債権法改正について(解除)

 吉本 達哉

2019年01月15日

<ポイント>
◆解除の要件として債務者の帰責事由が不要になった
◆催告解除の要件が追加された
◆無催告解除が認められる範囲が拡張された

2020年4月1日に施行される民法改正(いわゆる債権法改正)について説明します。今回取り上げるのは、契約解除に関する改正です。

1 債務者の帰責事由が不要になったこと
改正前民法では契約を解除するために、債務不履行について債務者に帰責事由があることが要件になると解されていました。特に債務が履行不能になった場合の解除については、この要件が明文で定められていました(改正前民法543条ただし書)。
民法改正により改正前民法543条ただし書の文言は削除され、契約を解除するための要件として債務者の帰責事由は不要とされました。解除に債務者の帰責性を要求することは、当事者を契約に拘束することが不当な場合に契約から当事者を離脱させるという解除の制度趣旨に反すると考えられたからです。

2 催告解除における要件の追加
当事者の一方がその債務を履行しない場合、その相手方は相当の期間を定めてその債務の履行を催告し、その期間内に履行がない場合には契約の解除をすることができます。これが催告解除です。
民法改正により、催告後相当な期間を経過した時点における「債務の不履行がその契約及び取引上の社会通念に照らして軽微であるとき」は解除をすることができないという要件が加えられました。この要件は、催告後相当な期間を経過した時点における債務の不履行が数量的に僅かである場合や付随的な債務の不履行にすぎない場合には解除をすることができないという判例法理を明文化したものです。

3 無催告解除が認められる範囲の拡張
民法改正により、債務者が債務の履行を拒絶する意思を明確に表示したときには無催告解除を認める判例が明文化されました。
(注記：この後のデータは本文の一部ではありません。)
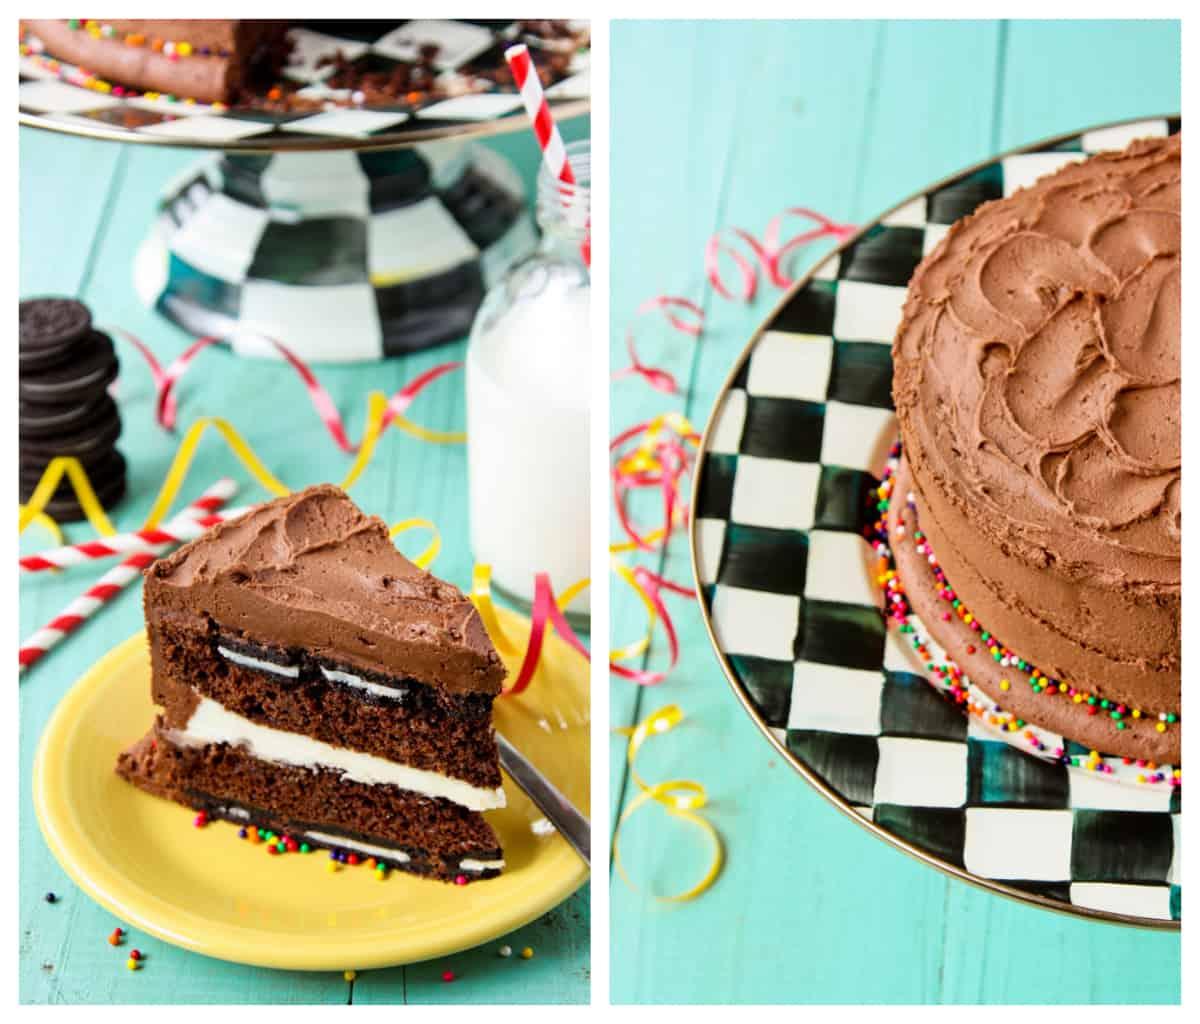 Oreo Surprise-Inside Cake - afarmgirlsdabbles.com

具体的には、
(1)債務者がその債務の全部の履行を拒絶する意思を明確に表示したとき
(2)債務者がその債務の一部の履行を拒絶する意思を明確に表示した場合において、残存する部分のみでは契約をした目的を達することができないとき
に無催告解除が認められます。これまでの判例からすると、債務の履行を拒絶する意思を明確に表示したと認められるためには、履行を拒絶する旨を口頭で1回表明した程度では足りないと思われます。書面によって履行拒絶の意思を強固に表示することや履行拒絶の意思を繰り返し表示することなどが必要になるでしょう。
また、民法改正により契約目的が達成できないことが明らかな場合に無催告解除を認める規定も設けられました。具体的には、債務者がその債務の履行をせず、債権者が催告をしても契約をした目的を達するのに足りる履行がされる見込みがないことが明らかであるときに無催告解除が認められます。